32) Who is credited with coining the term the “decisive moment”?
A) Dorothea Lange
B) Robert Frank
C) Henri Cartier-Bresson
D) John Szarkowski
Answer: C
Cartier-Bresson coined the term with his book of the same title in 1952.

 

33) Robert Frank published a seminal book of street photography titled:
A) Street Life
B) The Americans
C) Places
D) New Documents
Answer: B
Frank published The Americans in 1959.

 

34) William Eggleston is known for what?
A) Surrealist photos of plants and trees
B) Color photographs
C) Photographs of New York City
D) Photos of famous actors
Answer: B
Eggleston was one of the earliest consistent users of color film, beginning in the 1960s.
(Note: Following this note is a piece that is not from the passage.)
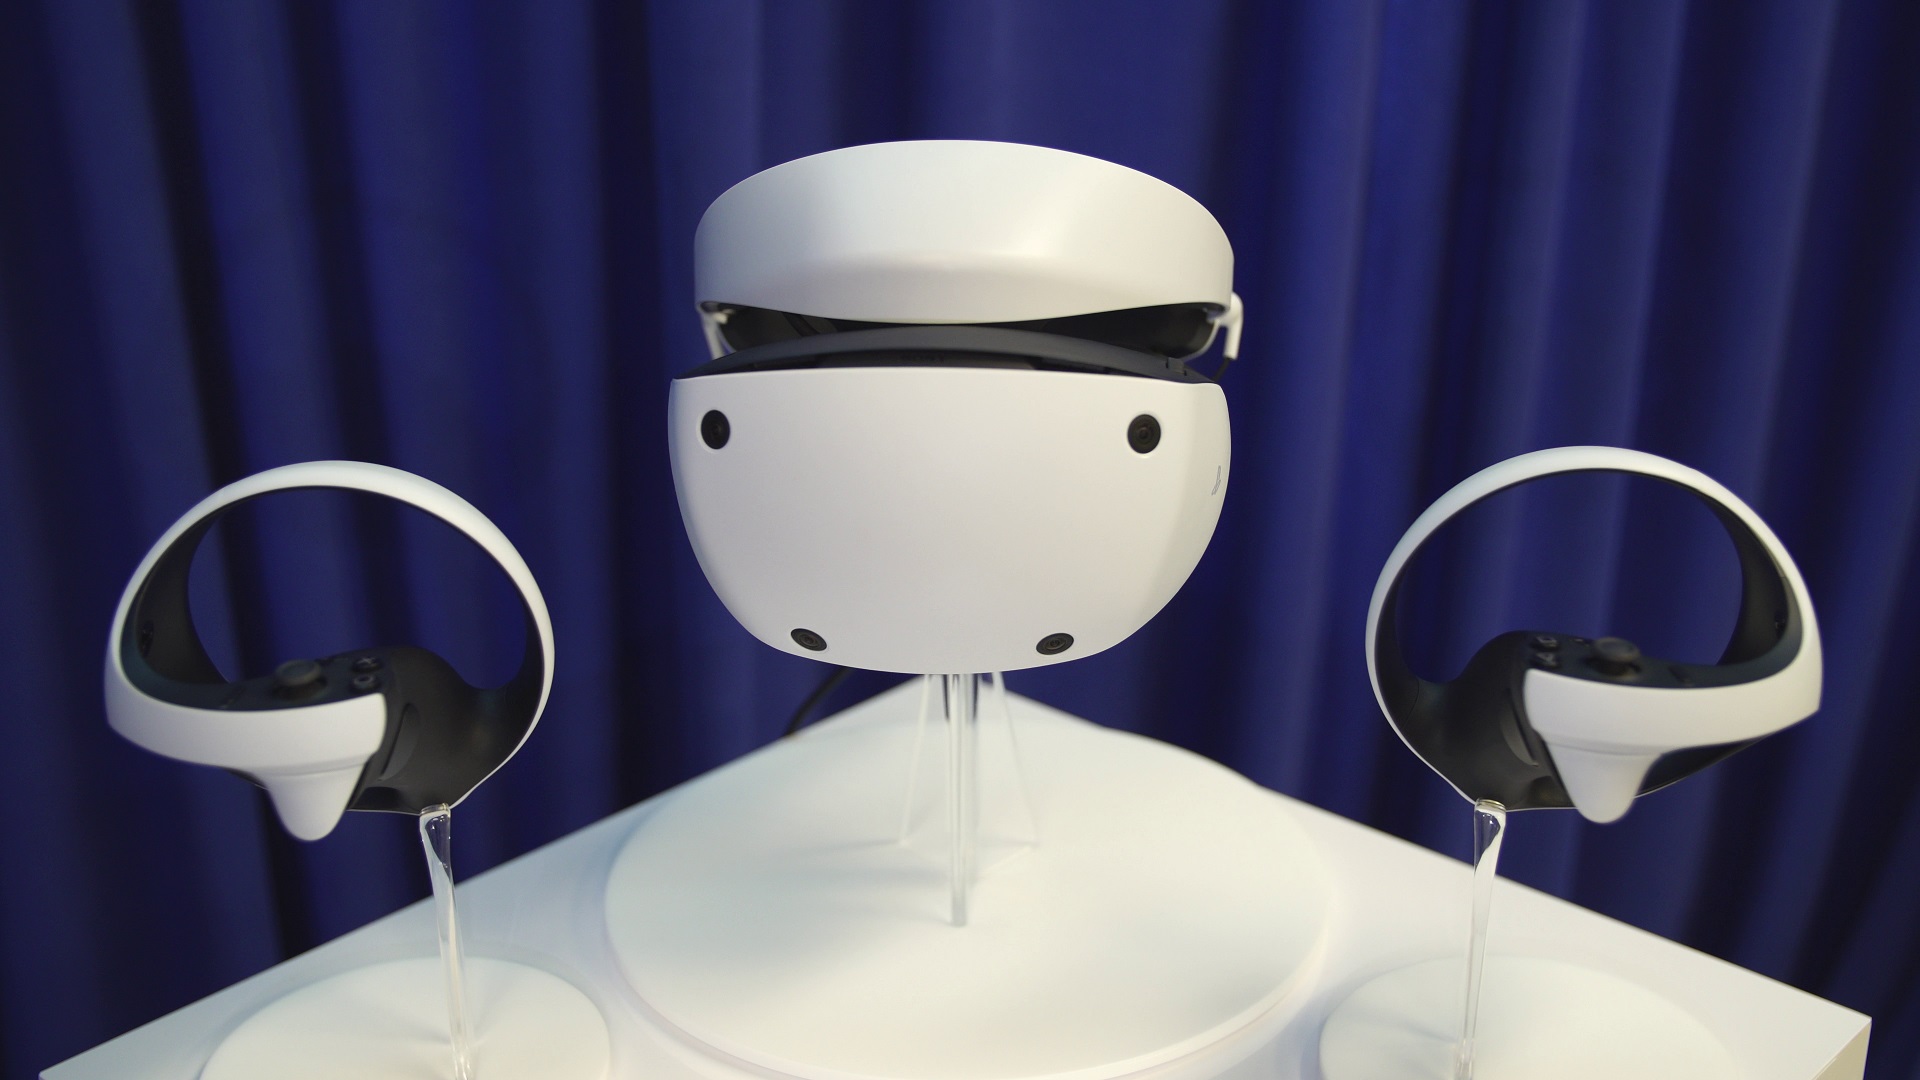 PlayStation VR 2 发售日期与价格公开
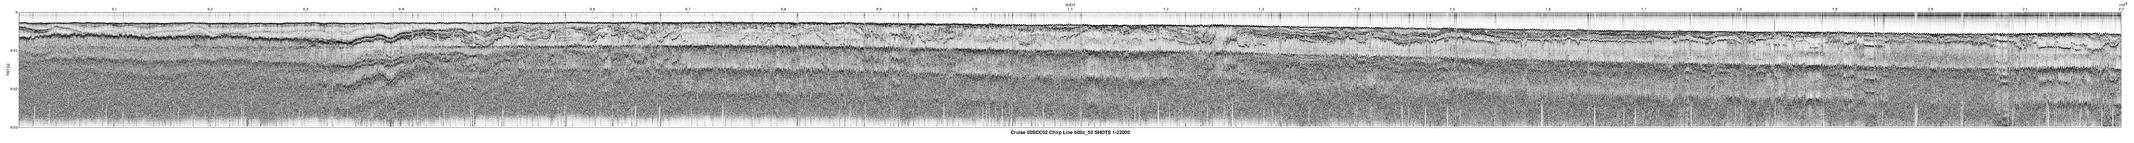 00SCC02 b00c_50 seismic profile image

His work in color helped legitimize the medium as a fine art.

 

35) This photographer’s large archive of work created in the mid-20th century was discovered by chance in 2007.
A) Margaret Bourke-White
B) Elliott Erwitt
C) Vivian Maier
D) Julia Margaret Cameron
Answer: C
Maier was a nanny in Chicago as well as a closet street photographer who never exhibited her photographs in her lifetime. Her work was discovered when bought at auction along with some of her other belongings and has since been widely recognized as a significant contribution to the history of street photography.

 

36) The “Rayograph” was invented by:
A) Man Ray
B) Lucia Moholy
C) Josef Koudelka
D) Lazlo Moholy-Nagy
Answer: A
Named after himself, the rayograph was a “camera-less” photograph that Man Ray invented in the early 1920s.